In most circumstances, inheritance planning is relatively straightforward, particularly where you want to leave your property to your surviving children. Passing down property to children is generally an uncomplicated process and easily accomplished.
Yet, there are various issues that may complicate the inheritance of children and consequently your inheritance planning. In this post, I will discuss the inheritance of children and some of the issues that may arise in nontraditional or unusual situations.
As I discussed in more detail in a previous post, Arkansas law assumes that a child unmentioned in a will was left out unintentionally by the testator. Consequently, such an unmentioned child will inherit what he or she would have had the testator died without a will.
Disinheriting a child, therefore, requires that the will specifically mention the child and state that the child—or class of children or children in general—are not to inherit.
Inheritance of Adopted Children
For purposes of inheritance, Arkansas considers adopted children the children of their adopted parents. Consequently, they will be treated the same as natural born children for inheritance purposes.
The other side to this is that they cannot inherit from their natural parents once adopted with the sole exception that children adopted by the spouse of a natural parent may still inherit from their other natural parent, so long as that parent retains parental rights. So, the adoption of a child by a stepfather does not necessarily bar that child from also inheriting from his or her natural father.
Inheritance rights go both ways in this regard. In a previous post, I pointed out that when an individual dies without a spouse, children, or a will, that person’s parents will inherit. In this situation, an individual’s adopted parents are considered that person’s parents. Natural parents cannot inherit through a child that has been adopted by someone else.
Again, the exception to this rule is where a stepparent adopts a child. In such a situation, the other natural parent may still inherit, though this exception only applies where the natural parent retains parental rights.

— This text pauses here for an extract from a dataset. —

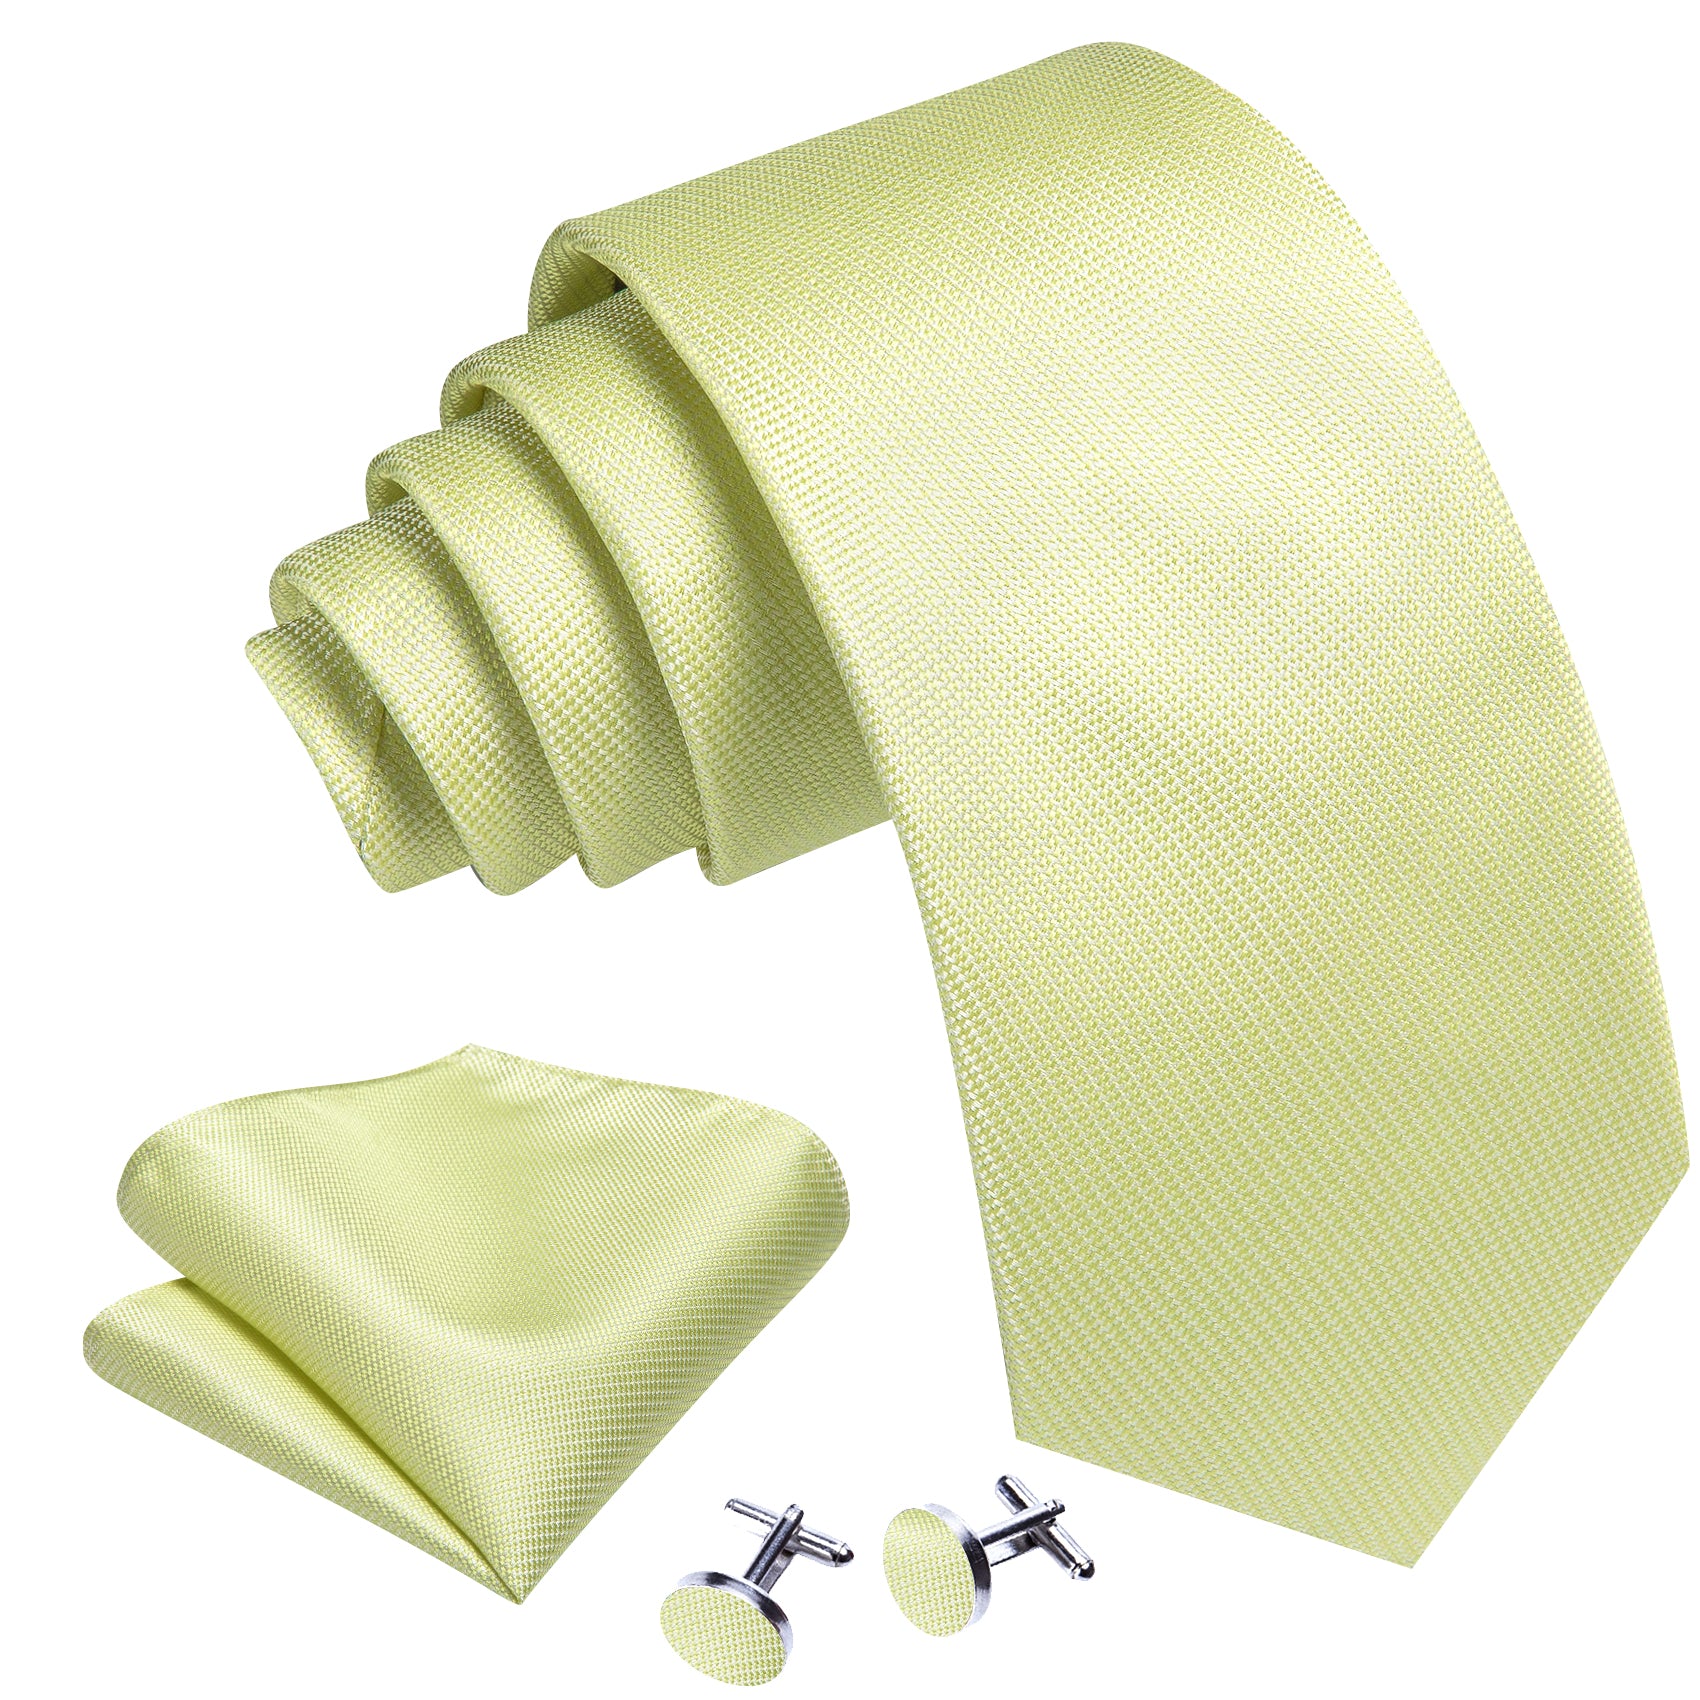  Mist Green Solid Silk Tie Handkerchief Cufflinks Set

On this note, it is important to recognize that adoption is irreversible. Once it is done, it is done. So, when performing your inheritance planning, it is important to recognize the potential effects of adoption on your estate plan.
Sometimes adoptions are performed for the sole purpose of inheritance planning. One particularly odd situation, justifying a future post of its own, can arise in the setting of adult adoptions. On occasion, individuals, particularly individuals with large estates, have adopted spouses or significant others to ensure their inheritance rights.
This has struck many people as just plain creepy. Consequently, Arkansas does not recognize adult adoption of a spouse or any other individual with whom the adopting parent has a sexual relationship. Some jurisdictions, however, do recognize such adoptions, so it may be an issue in areas outside the state.
Posthumous children can present their own issues. As a general rule of thumb, a child born within 280 days of a deceased husband’s death is presumed to be the child of the deceased husband, though this is rebuttable.
The most controversial situations arise where children are born by virtue of a deceased husband’s frozen sperm or by frozen embryos. Modern technology allows a man to father children years after his death. States and jurisdictions differ on this, and resolving the matter for purposes of federal benefits is a difficult issue.
At this time, Arkansas does not recognize inheritance rights for posthumous children where the onset of pregnancy occurs after the father’s death. For a detailed analysis of Arkansas law on this subject, click here.
Inheritance planning becomes a little more complicated where nonmarital children are involved. Children born out of wedlock—traditionally referred to as illegitimate children—can still inherit through their biological father. In fact, nonmarital children have as much inheritance rights as marital children.
Establishing paternity, however, can be difficult. Children born in wedlock are presumed to be the children of the husband—even though that is unfortunately not always the case—but nonmarital children must establish paternity.
For inheritance purposes, claims of paternity in Arkansas must be filed within 180 days of the beginning of probate proceedings. All evidence of paternity must be included in that filing. This creates a tight timeframe for gathering the necessary evidence, particularly where evidence of paternity had not been previously gathered.
Another method of inheritance planning takes the form of the advancement. An advancement occurs when an individual while living gives a gift to an intended will beneficiary that is meant to count against that individual’s eventual inheritance.
For there to be an advancement, there must be a writing contemporaneous with the gift that is signed by the giver that specifically says that it is an advancement or a writing by the recipient acknowledging the gift to be an advancement.
If such a writing exists, the gift will reduce the inheritance of the recipient. Without such a writing, however, it is simply a gift and will have no effect on the distribution of the decedent’s estate after death.
Inheritance of Siblings
While related more to intestate succession than specific inheritance planning, it is worth pointing out that a half-sibling is treated the same as a full-blood sibling. So, if an individual dies without a will and has no children, spouse, or living parents—or has a will that simply leaves his or her property to “my brothers and sisters”—half-siblings will inherit the same as full-blood siblings.